Ask the city, though, and losing out on the grant was no big deal. While, “Federal dollars will certainly assist the Department in coordinating lead related activities,” the city is doing just fine addressing the problem without it, according to city spokesperson Tamekia Nixon.
“After we didn’t receive the 2017 grant, the Detroit Health Department pursued other funding streams to allow us to provide the same scope of service intended in the grant, albeit to a somewhat lesser degree. However, at this time we are not able to quantify the exact difference in numbers,” Nixon wrote in a statement.
– Kelly Percival
Last week, the city received a $9.7 million grant from the U.S. Department of Housing and Urban Development to assess 120 housing units and address lead hazards in 450 homes throughout the city for low-income families with young children, among other functions.
However, the primary function of the grant is for lead abatement, not surveillance of lead poisoning, like the CDC grant would have provided, and it will not solve the issue, said Thompson. Federal funds for such prevention efforts is crucial, he said.
“It’s really hard for the Health Department to get to even a fraction of the houses and really work with the families and they lost support to do that,” Thompson said.
Members of Detroit’s Health Department spoke to TalkPoverty on background but referred questions to the city’s communications department before going on the record. The city’s communications department gave TalkPoverty basic information about its lead program after more than a week of requests, but gave vague answers about whether losing out on the CDC funds hurt the city’s lead prevention efforts in any way. At times, Nixon told TalkPoverty to “file a FOIA” (Freedom of Information Act request) for such information.

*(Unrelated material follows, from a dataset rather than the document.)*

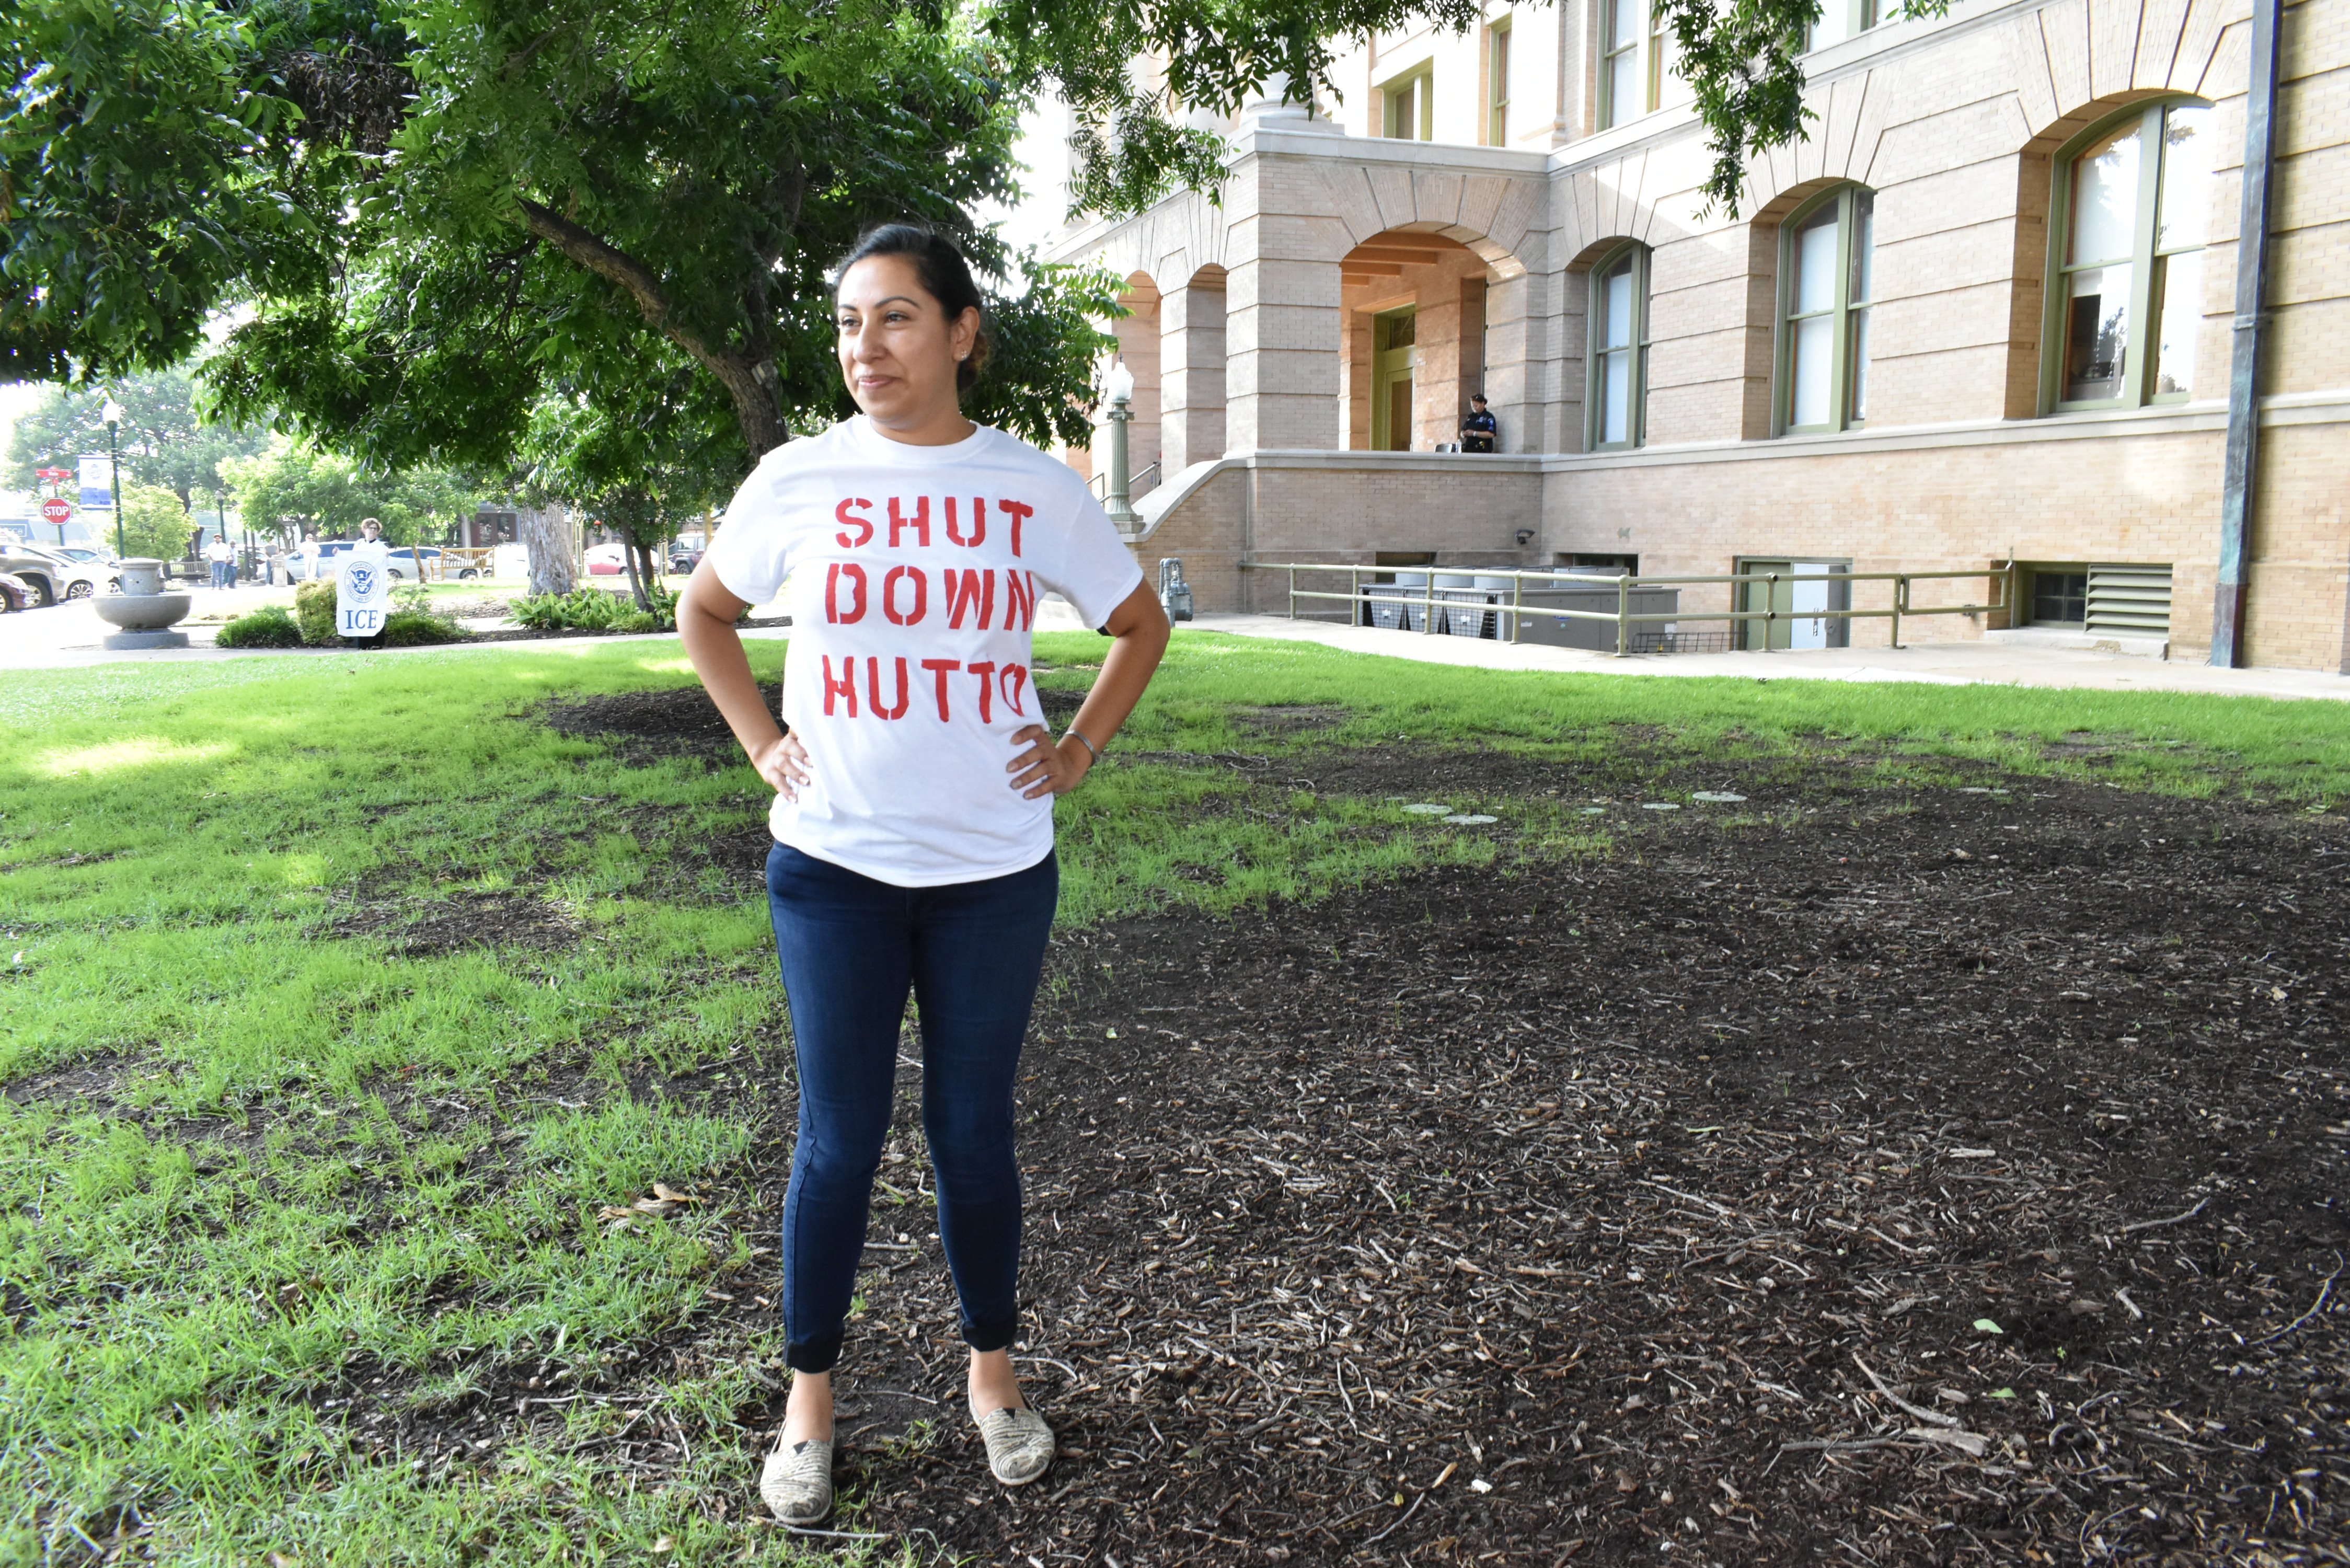 A woman wearing a t-shirt which says "Shut down Hutto"

It is unclear why the city downplayed the importance of missing out on the federal grant. However, after being denied the CDC grant, the city’s former Health Department Executive Director, Joneigh Khaldun, in a July 10, 2017 appeal of the federal agency’s decision, characterized the federal funds as a “severe need.”
“Addressing lead exposure remains a critical need given the history of Detroit as a large industrial community and the subsequent ubiquity and permeation of lead in our neighborhoods,” Khaldun said.
As American cities like Detroit scrap for federal funding to address very important issues facing their communities and their residents, an accurate count in 2020 is crucial.